Thermal processing conditions, pH, and salt content affect the formation of egg white ovalbumin amyloid, which was investigated using high-precision measurements of ultrasonic velocity and attenuation. These were related to fluorescence and particle size measurements. Fluorescence changes indicated the formation of amyloid-like aggregates that was enhanced by increasing time-temperature treatments. The ultrasonic velocity of ovalbumin after heating at neutral pH (60 min at 70 or 80 °C) was lower than that of unheated ovalbumin, whereas the attenuation was higher. The decrease in the velocity represents increased compressibility associated with a change in the compactness of the protein, whereas changes in attenuation are due to protein conformational changes. Heating ramp studies revealed transitions at approximately 58 and 73 °C. During heating at a constant temperature, the ultrasonic velocity decreased slowly with increasing heating time, indicating an increase in ovalbumin compressibility. It is suggested that the obtained amyloid-like ovalbumin aggregates contain a compact core surrounded by loosely packed protein segments.

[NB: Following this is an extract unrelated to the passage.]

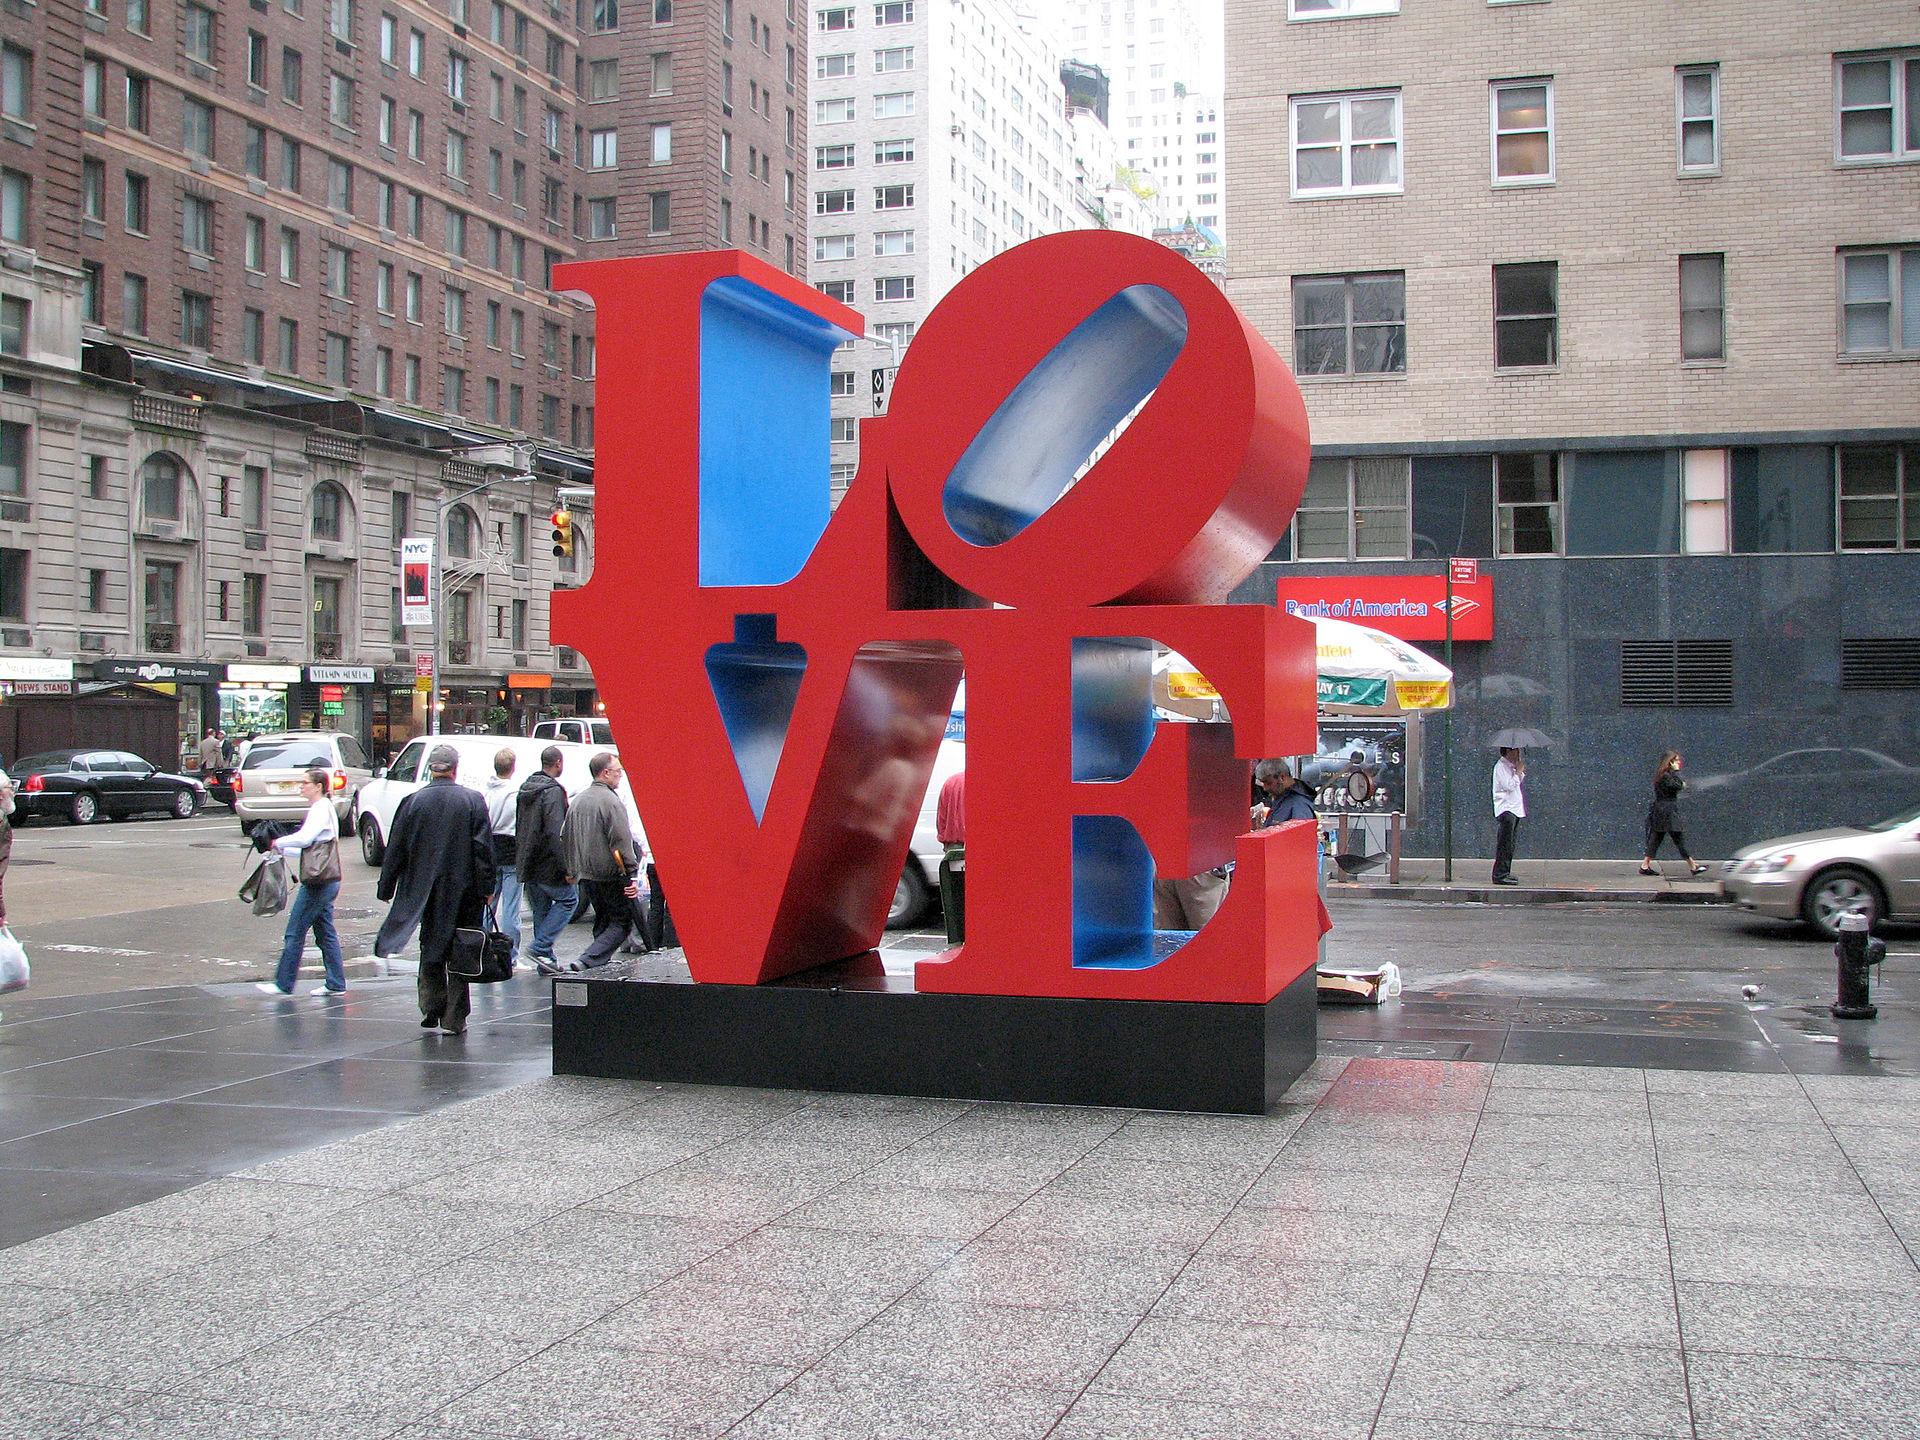 Love Sculpture, Robert Indiana

热加工条件、pH值和盐含量会影响蛋清卵清蛋白淀粉样蛋白的形成,对此通过高精度测量超声速度和衰减进行了研究。这些测量结果与荧光和粒径测量相关。荧光变化表明随着时间-温度处理的增加,淀粉样聚集体的形成得到增强。在中性pH条件下加热(70或80℃加热60分钟)后,卵清蛋白的超声速度低于未加热的卵清蛋白,而衰减更高。速度的降低表示与蛋白质紧密程度变化相关的可压缩性增加,而衰减的变化是由于蛋白质构象变化。加热升温研究揭示了在约58℃和73℃时的转变。在恒温加热过程中,超声速度随着加热时间的增加而缓慢降低,表明卵清蛋白的可压缩性增加。有人提出,所获得的淀粉样卵清蛋白聚集体包含一个紧密的核心,周围是松散堆积的蛋白质片段。